Nakahira Junko, Sawai Toshiyuki, Minami Toshiaki
Department of Anesthesiology, Osaka Medical College, Osaka, Japan.
Artif Organs. 2014 Jun;38(6):503-7. doi: 10.1111/aor.12207. Epub 2013 Nov 21.
This is a retrospective cohort study to determine if routine intra-aortic balloon pump (IABP) placement prior to aortic valve replacement in elderly patients with severe aortic stenosis without significant coronary artery stenosis reduces cardiac complications. Participants were patients aged ≥70 years without significant coronary stenosis, who had severe aortic stenosis, and were undergoing isolated aortic valve replacement. Our primary endpoint was postoperative cardiac morbidity rate as a composite of the adverse cardiac events: elevated creatine kinase with muscle and brain subunits (CK-MB)/CK (>5%), fatal ventricular arrhythmias requiring therapy, or catecholamine index of >10. Eighteen patients had elective IABP insertion prior to surgery, and 16 patients had no planned IABP insertion. One patient died (5.6%) in the elective IABP group (P = 1.0 compared with the non-IABP group). The overall rate of in-hospital death was 2.9% (1/34). In the non-IABP group, one patient had rescue IABP insertion after surgery (6.3%). The elective IABP group had a significantly lower cardiac morbidity rate than the non-IABP group (44.4 vs. 87.5%, respectively, P = 0.013). According to multivariate analysis using a logistic European system for cardiac operative risk evaluation value of >10% to define increased morbidity, elective IABP use significantly reduced cardiac morbidity (odds ratio, 0.11; 95% confidence interval, 0.02-0.67; P = 0.016). Additionally, the elective IABP group was more likely to show low CK-MB/CK than the non-IABP group (4.1 ± 1.9% vs. 6.1 ± 3.1%, respectively, P = 0.026).
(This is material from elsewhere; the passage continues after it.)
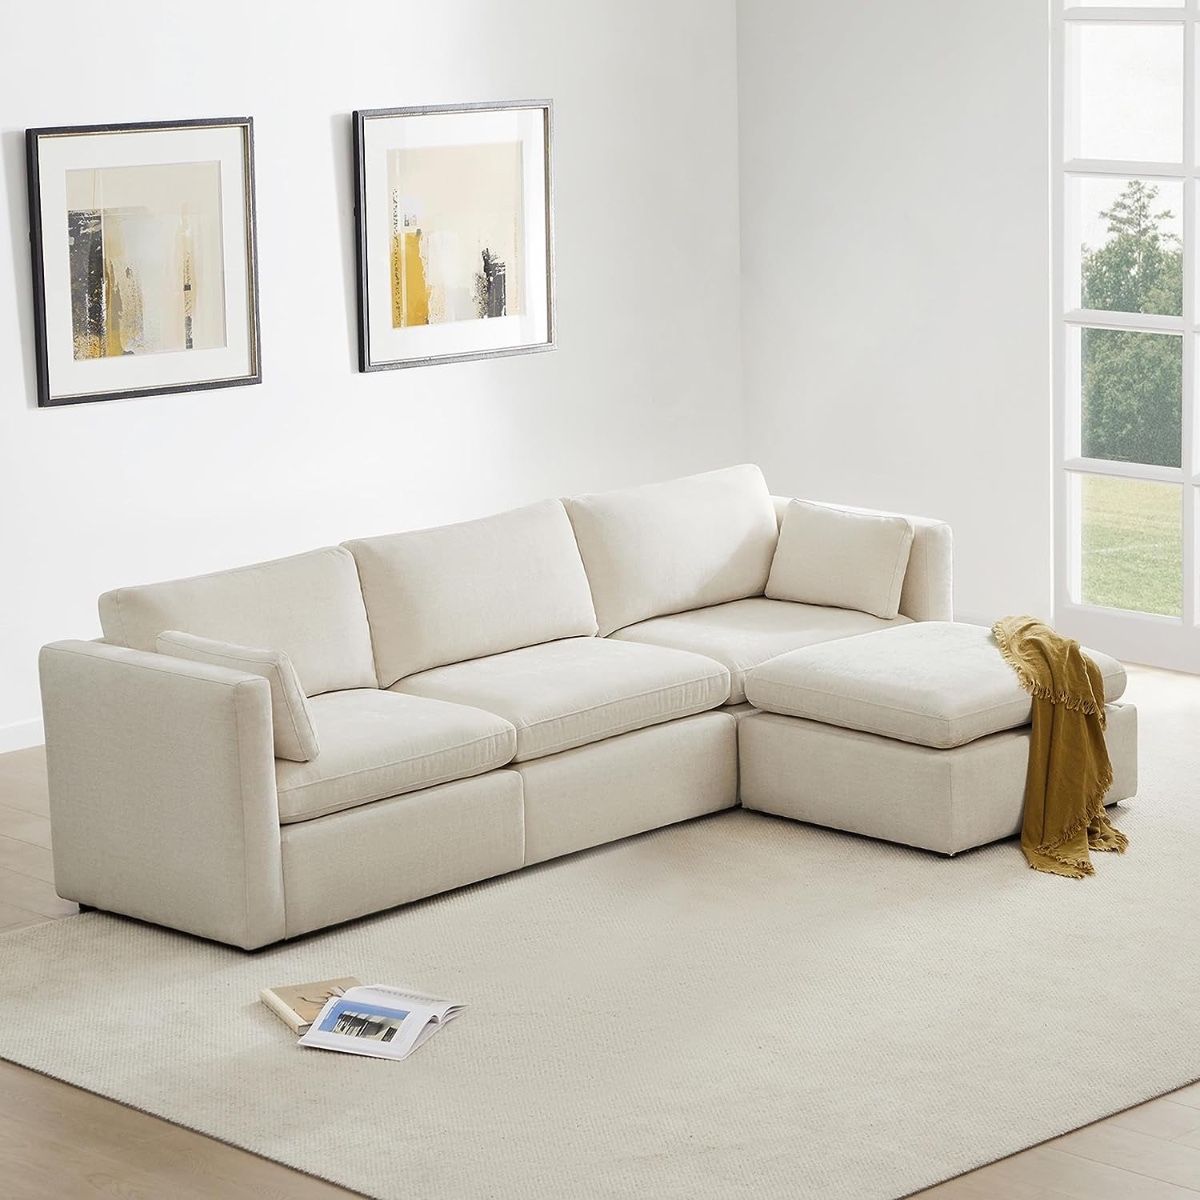 Ultimate Comfort: Embrace Luxury Living with Extra Large Sectional Sofas with Chaise
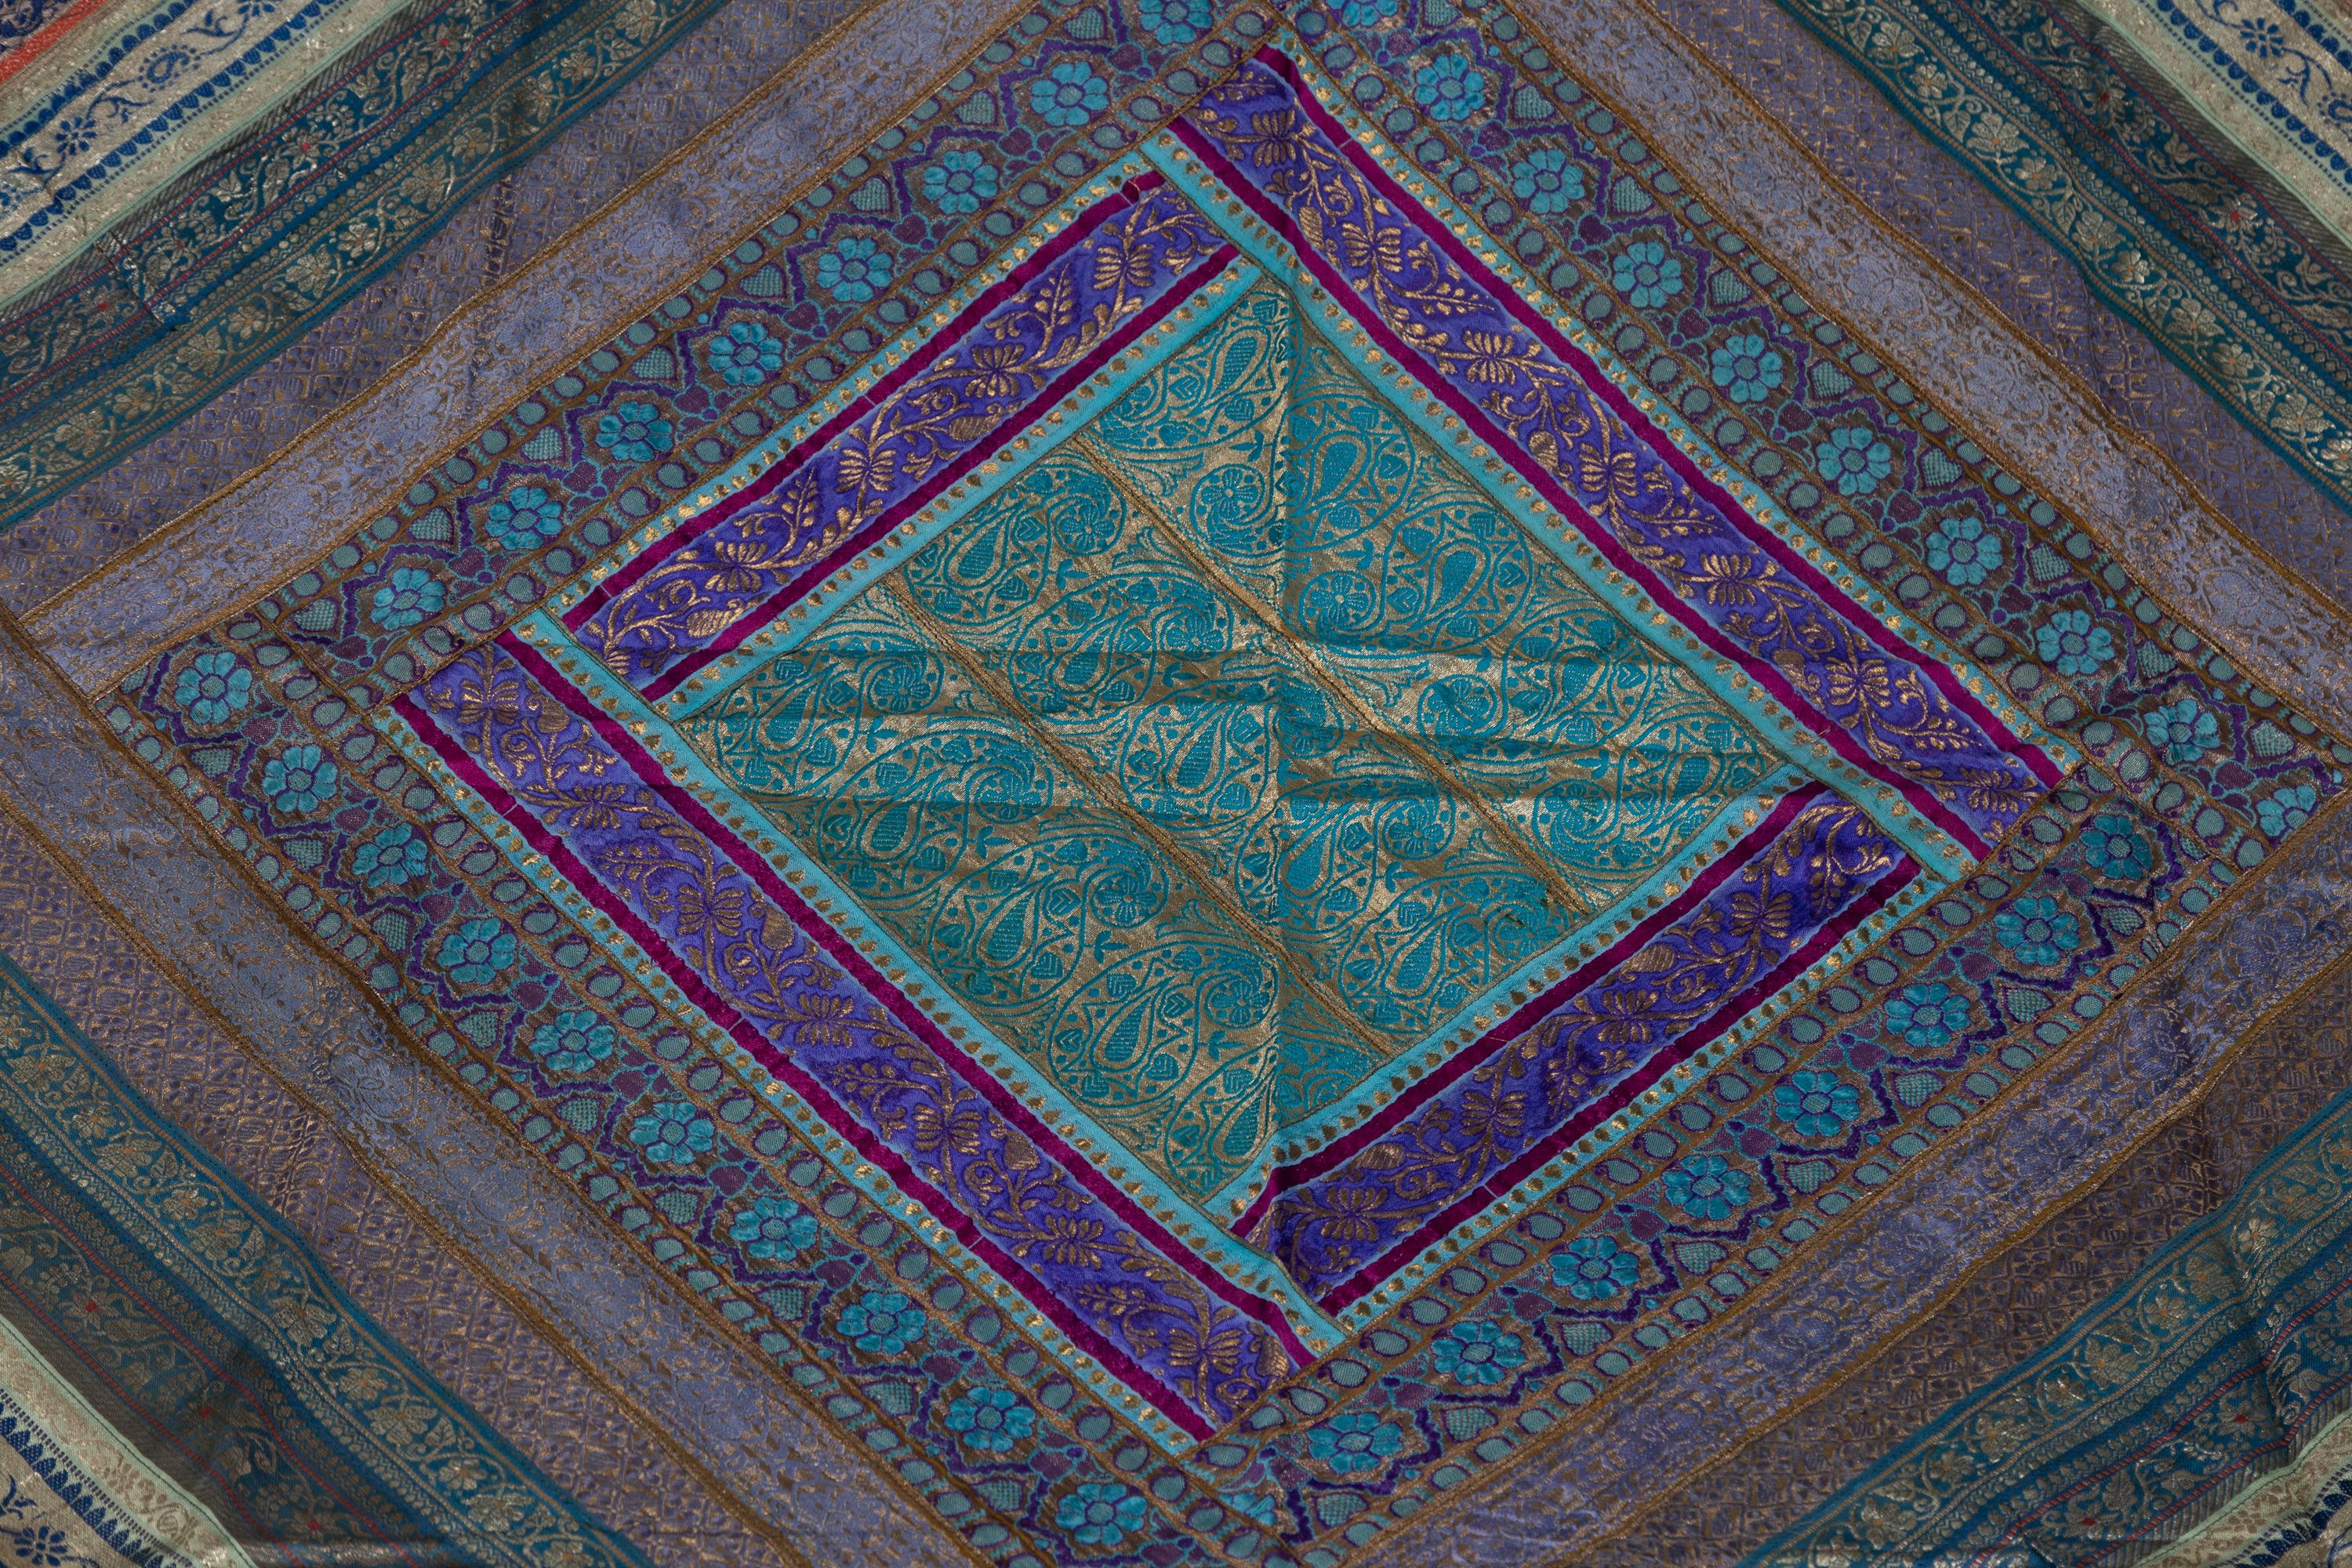 An Indian vintage large silk embroidered fabric from the second half of the 20th century with turquoise, violet, purple, green and gold tones among others. Possibly originating from Rajasthan, this stunning silk fabric is made of sari pieces that

We concluded that among elderly aortic valve replacement patients without significant coronary artery stenosis, elective IABP use may reduce the incidence of major adverse cardiac events.
这是一项回顾性队列研究,旨在确定在无明显冠状动脉狭窄的重度主动脉瓣狭窄老年患者中,在主动脉瓣置换术前常规放置主动脉内球囊反搏(IABP)是否能降低心脏并发症的发生率。研究对象为年龄≥70岁、无明显冠状动脉狭窄、患有重度主动脉瓣狭窄且正在接受单纯主动脉瓣置换术的患者。我们的主要终点是术后心脏发病率,其为不良心脏事件的综合指标:肌酸激酶同工酶/肌酸激酶(CK-MB/CK)升高(>5%)、需要治疗的致命性室性心律失常或儿茶酚胺指数>10。18例患者在手术前接受了择期IABP置入,16例患者未计划置入IABP。择期IABP组有1例患者死亡(5.6%)(与非IABP组相比,P = 1.0)。住院总死亡率为2.9%(1/34)。在非IABP组中,有1例患者在术后接受了挽救性IABP置入(6.3%)。择期IABP组的心脏发病率显著低于非IABP组(分别为44.4%和87.5%,P = 0.013)。根据使用欧洲心脏手术风险评估逻辑系统值>10%来定义发病率增加的多因素分析,择期使用IABP可显著降低心脏发病率(比值比,0.11;95%置信区间,0.02 - 0.67;P = 0.016)。此外,择期IABP组的CK-MB/CK低于非IABP组的可能性更大(分别为4.1±1.9%和6.1±3.1%,P = 0.026)。我们得出结论,在无明显冠状动脉狭窄的老年主动脉瓣置换患者中,择期使用IABP可能会降低主要不良心脏事件的发生率。